• [WHAT THE EXERCISE ASKS] If a line of the data below contains the string "Gold", count it, then state the total alone.

• [EXTRACTED RECORDS]
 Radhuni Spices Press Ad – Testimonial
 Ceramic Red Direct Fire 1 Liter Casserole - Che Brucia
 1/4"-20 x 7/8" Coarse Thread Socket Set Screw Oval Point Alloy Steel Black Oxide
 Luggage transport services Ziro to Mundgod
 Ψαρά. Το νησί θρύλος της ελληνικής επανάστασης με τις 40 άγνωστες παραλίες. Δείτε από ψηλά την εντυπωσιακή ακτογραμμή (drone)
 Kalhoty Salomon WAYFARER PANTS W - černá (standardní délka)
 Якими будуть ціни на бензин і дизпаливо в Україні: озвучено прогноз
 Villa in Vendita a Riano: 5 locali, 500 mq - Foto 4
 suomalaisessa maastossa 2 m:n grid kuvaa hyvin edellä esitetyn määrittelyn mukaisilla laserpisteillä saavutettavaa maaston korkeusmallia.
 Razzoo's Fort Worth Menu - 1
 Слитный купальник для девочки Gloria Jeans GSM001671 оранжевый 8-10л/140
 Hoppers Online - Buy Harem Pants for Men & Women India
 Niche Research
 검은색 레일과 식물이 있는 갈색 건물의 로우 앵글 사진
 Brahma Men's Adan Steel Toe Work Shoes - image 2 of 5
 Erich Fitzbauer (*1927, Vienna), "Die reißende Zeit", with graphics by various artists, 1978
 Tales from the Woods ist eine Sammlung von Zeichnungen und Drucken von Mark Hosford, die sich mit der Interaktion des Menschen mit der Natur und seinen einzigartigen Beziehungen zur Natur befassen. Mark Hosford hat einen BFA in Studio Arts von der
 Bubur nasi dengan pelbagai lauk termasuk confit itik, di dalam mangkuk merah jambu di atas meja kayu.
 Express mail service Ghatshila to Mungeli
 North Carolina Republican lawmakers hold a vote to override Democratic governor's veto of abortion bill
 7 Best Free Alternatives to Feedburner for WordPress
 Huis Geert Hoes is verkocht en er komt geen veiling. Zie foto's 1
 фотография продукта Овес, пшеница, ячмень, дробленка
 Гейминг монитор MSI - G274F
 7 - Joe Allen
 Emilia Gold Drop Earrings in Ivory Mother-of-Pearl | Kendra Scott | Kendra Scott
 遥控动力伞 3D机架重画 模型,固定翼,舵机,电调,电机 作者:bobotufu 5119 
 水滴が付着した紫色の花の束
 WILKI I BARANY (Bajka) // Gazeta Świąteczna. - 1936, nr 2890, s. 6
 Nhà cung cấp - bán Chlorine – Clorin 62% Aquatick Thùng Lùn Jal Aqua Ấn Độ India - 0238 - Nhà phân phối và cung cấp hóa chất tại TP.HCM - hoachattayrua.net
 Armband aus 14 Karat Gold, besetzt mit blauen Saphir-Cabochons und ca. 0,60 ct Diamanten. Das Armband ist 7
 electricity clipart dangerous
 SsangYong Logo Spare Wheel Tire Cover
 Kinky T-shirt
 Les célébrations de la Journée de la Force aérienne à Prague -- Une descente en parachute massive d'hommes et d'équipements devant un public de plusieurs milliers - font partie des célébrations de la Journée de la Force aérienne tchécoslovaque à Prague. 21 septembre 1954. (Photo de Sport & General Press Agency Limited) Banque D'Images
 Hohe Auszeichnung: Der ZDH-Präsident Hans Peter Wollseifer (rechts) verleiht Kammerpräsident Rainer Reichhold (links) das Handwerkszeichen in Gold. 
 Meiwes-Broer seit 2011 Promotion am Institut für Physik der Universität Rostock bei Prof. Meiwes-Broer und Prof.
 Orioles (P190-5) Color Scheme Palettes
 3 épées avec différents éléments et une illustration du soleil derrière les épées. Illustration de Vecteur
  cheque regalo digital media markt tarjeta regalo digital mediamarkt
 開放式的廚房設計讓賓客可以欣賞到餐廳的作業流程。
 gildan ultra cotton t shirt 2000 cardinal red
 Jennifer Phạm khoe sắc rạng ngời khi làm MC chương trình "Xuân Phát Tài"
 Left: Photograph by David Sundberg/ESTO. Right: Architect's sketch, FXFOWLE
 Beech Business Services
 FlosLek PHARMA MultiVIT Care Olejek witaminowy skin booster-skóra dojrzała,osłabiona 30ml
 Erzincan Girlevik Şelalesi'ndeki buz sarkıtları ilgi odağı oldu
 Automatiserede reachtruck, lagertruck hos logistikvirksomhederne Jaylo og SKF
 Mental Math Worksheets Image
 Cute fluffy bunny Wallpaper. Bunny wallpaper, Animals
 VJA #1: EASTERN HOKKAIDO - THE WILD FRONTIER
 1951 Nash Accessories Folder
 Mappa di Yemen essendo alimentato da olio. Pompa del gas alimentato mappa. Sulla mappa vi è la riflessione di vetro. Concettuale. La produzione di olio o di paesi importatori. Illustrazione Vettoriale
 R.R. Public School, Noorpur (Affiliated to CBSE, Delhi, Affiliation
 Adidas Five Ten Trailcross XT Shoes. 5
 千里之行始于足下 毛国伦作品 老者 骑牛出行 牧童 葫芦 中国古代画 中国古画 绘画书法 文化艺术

• [RESPONSE] 3